AttentionWeights should be validated like Distribution, but over sequence positions instead of vocabulary tokens.

ML Concept

Attention computes:

scores = QK^T / sqrt(d)
weights = softmax(scores)
output = weights V

This is softmax again, but applied to token-to-token interaction scores.

Category Theory Concept

The attention block is a composition of typed maps with a product input:

(Q, K, V) -> scores -> weights -> mixed values

Step 4: Multi-Head Attention

The future problem:

One attention head sees one interaction pattern. Multiple heads let the model learn several patterns in parallel.

Rust Syntax

Future types might include:

pub struct AttentionHead(/* head parameters */);
pub struct HeadCount(usize);
pub struct MultiHeadOutput(/* concatenated or projected heads */);

HeadCount should reject zero.

ML Concept

Each head performs attention separately.

The outputs are combined and projected back into the model dimension.

Category Theory Concept

This is parallel composition followed by recombination:

head_1 x head_2 x ... x head_n -> combined output

Step 5: Residual Blocks And Normalization

The future problem:

Transformer blocks repeatedly map a hidden sequence back to a hidden sequence.

Rust Syntax

A future block should have shape:

HiddenSequence -> HiddenSequence

That means it can implement an endomorphism-like trait or reuse the existing Morphism<HiddenSequence, HiddenSequence> shape.

ML Concept

Transformer blocks use:

attention
residual connection
normalization
feed-forward network

The block output has the same shape as the input.

Category Theory Concept

This is another endomorphism:

HiddenSequence -> HiddenSequence

Stacking layers is repeated endomorphism application.
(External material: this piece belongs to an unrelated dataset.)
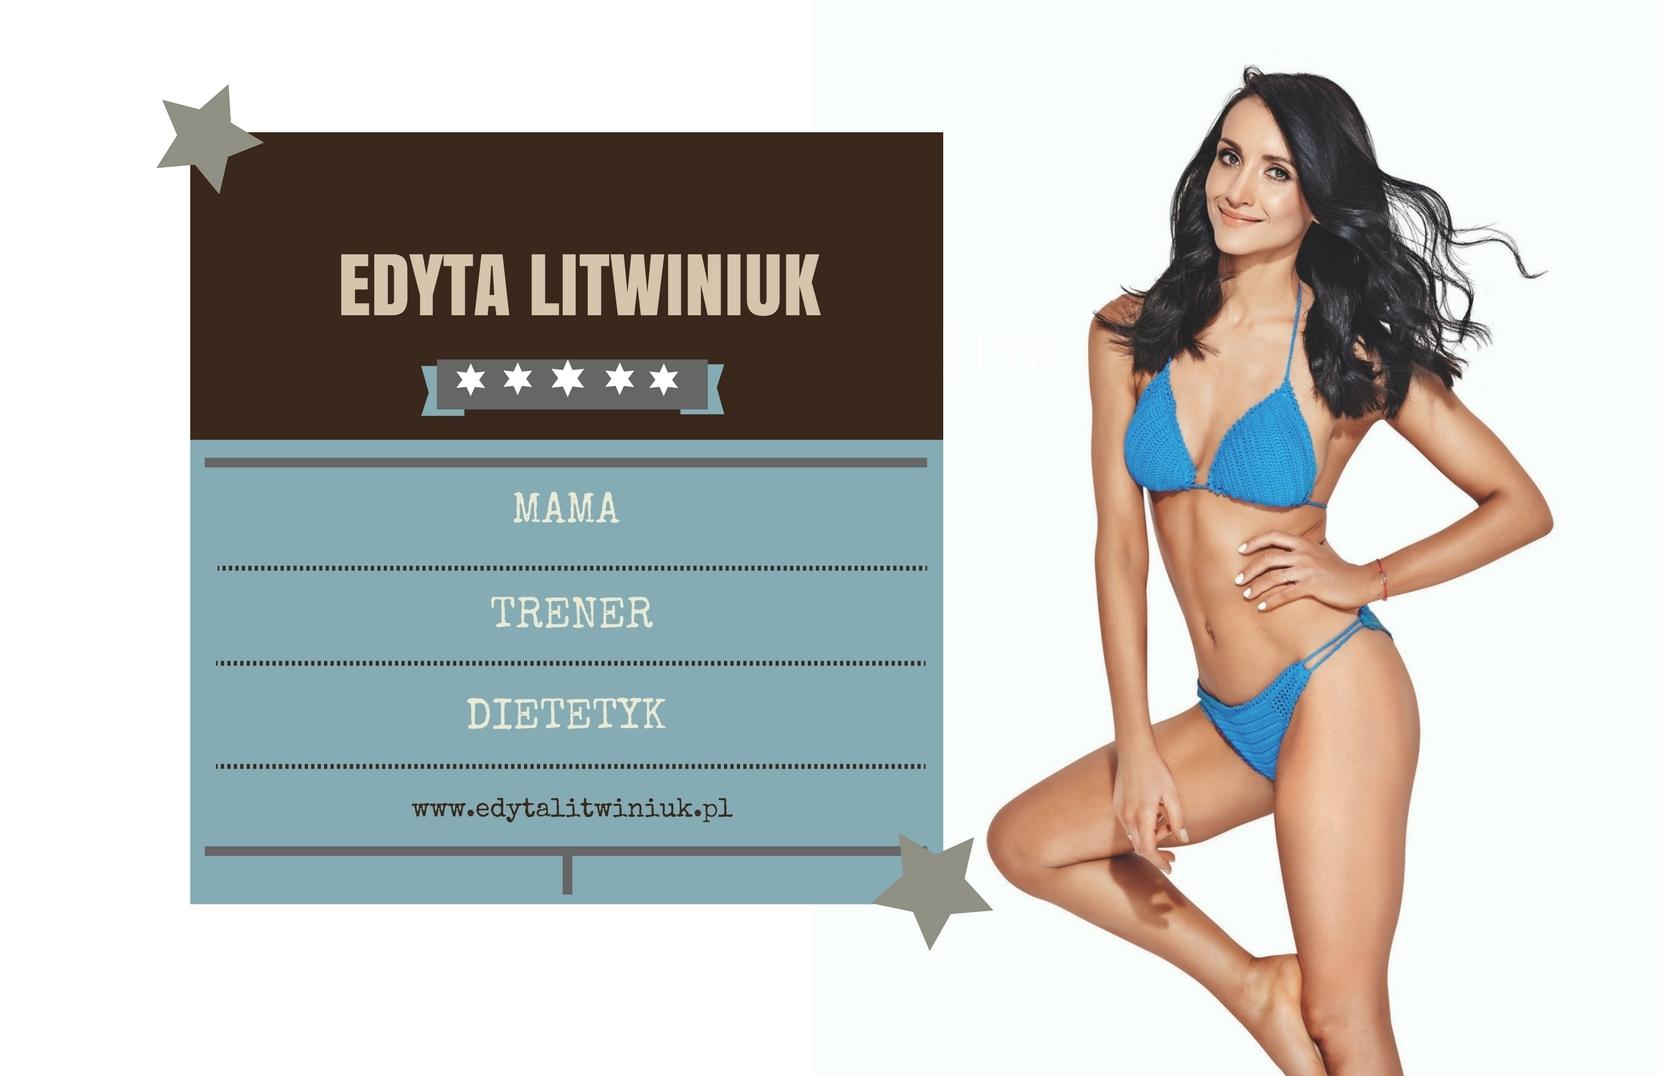 Edyta Litwiniuk   Trening-Dieta-Styl życia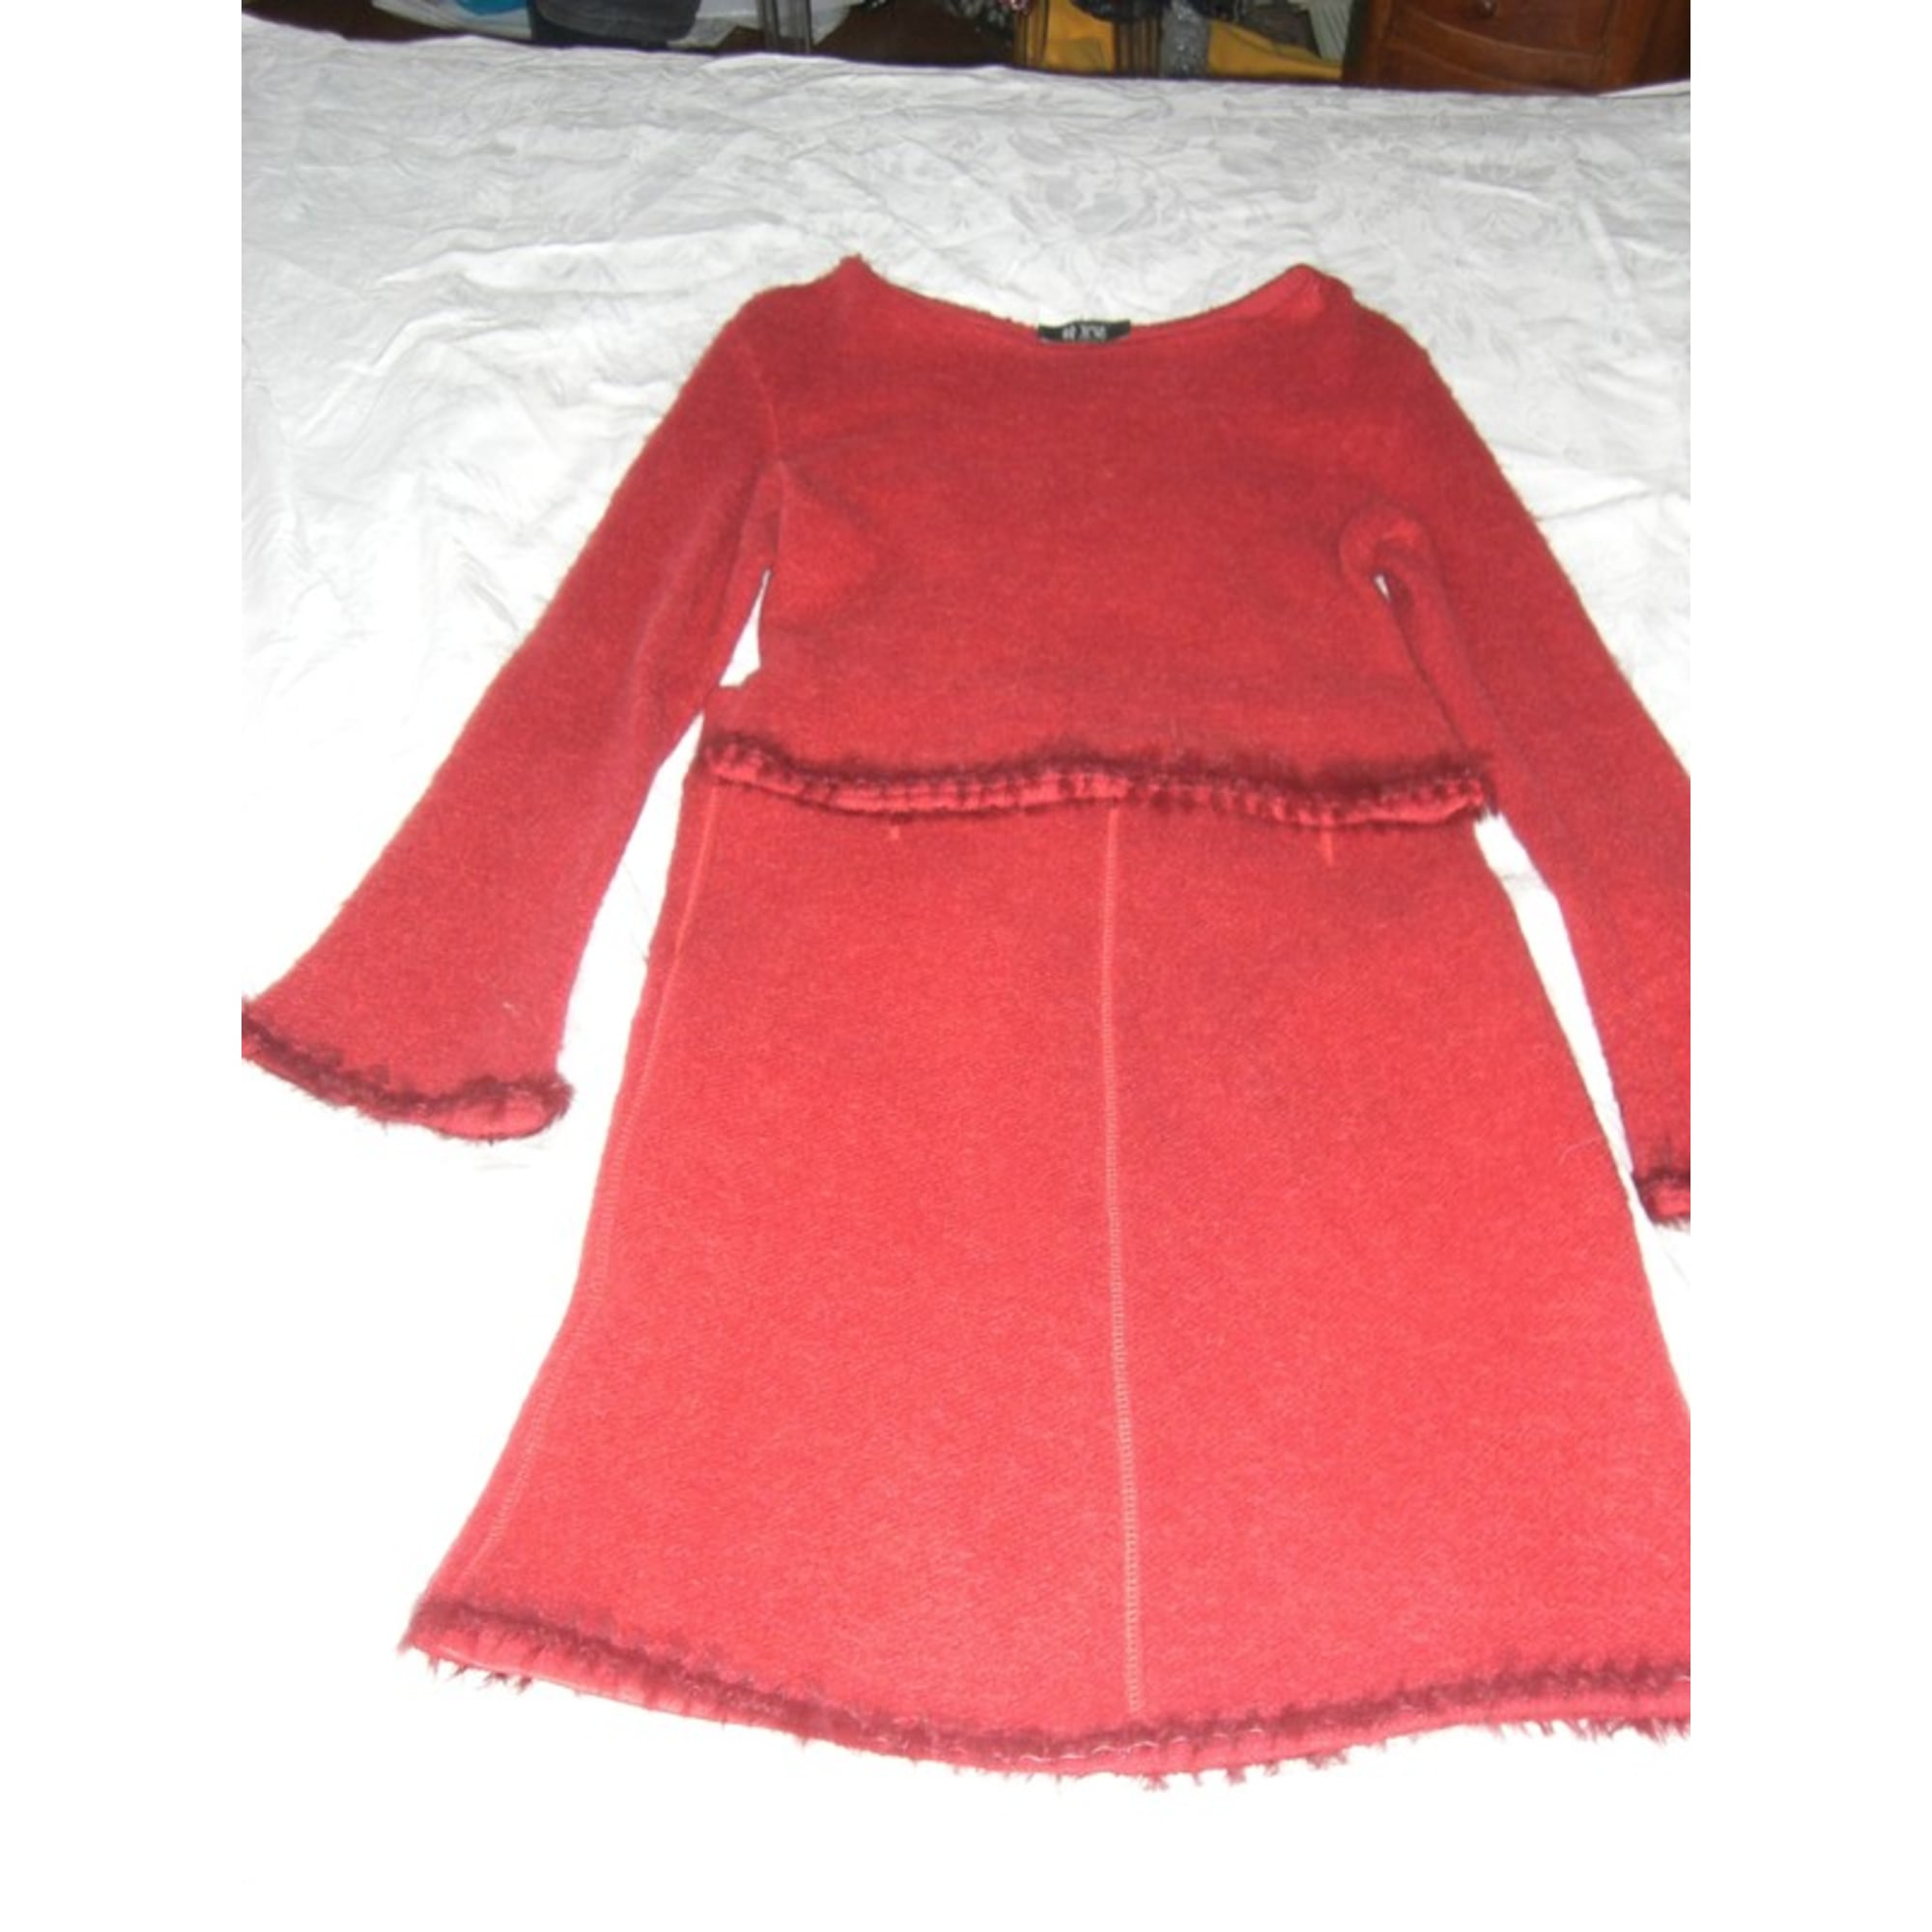 Tailleur jupe KRISTINA POPOVITCH Rouge, bordeaux

Step 6: Training And Evaluation

The future problem:

Once the model has attention parameters, training must update a larger parameter object without losing type structure.

Rust Syntax

The current:

Parameters

would need to grow into a structured parameter type:

pub struct TransformerParameters {
    token_embedding: ...,
    attention_blocks: ...,
    lm_head: ...,
}

The update should still have the shape:

TransformerParameters -> TransformerParameters

ML Concept

The same high-level training loop remains:

predict
compute loss
backpropagate
update parameters

The internal model becomes richer.

Category Theory Concept

The training endomorphism generalizes:

Parameters -> Parameters

to:

TransformerParameters -> TransformerParameters

Core Mental Model

The current course teaches the typed skeleton:

TokenId -> Vector -> Logits -> Distribution
Distribution x TokenId -> Loss
Parameters -> Parameters

A Transformer extension grows the middle:

TokenSequence
  -> HiddenSequence
  -> AttentionOutput
  -> HiddenSequence
  -> Logits
  -> Distribution

The practical rule stays the same:

Make every intermediate object explicit, then compose only arrows whose types actually match.

Where This Leaves Us

The roadmap keeps the book honest. The current implementation is a tiny next-token system, not a production Transformer. Its value is that it gives the future system a typed foundation: tokens become vectors, vectors become logits, logits become probabilities, probabilities become loss, and training updates parameters through a repeatable endomorphism.

A future Transformer should extend that foundation by adding sequence objects, position information, query/key/value projections, attention weights, multi-head structure, residual blocks, normalization, and richer training state. Each new concept should enter the codebase the same way the current concepts did: as a named type, a validated boundary, a typed morphism, a compiled example, and a law or regression test where the concept has a law worth checking.

Retrieval Practice

Recall

Which current pipeline objects would still exist in a future Transformer?

Explain

Why should attention weights be validated like probability distributions?

Apply

Sketch one future morphism for query/key/value attention and name its input and output types.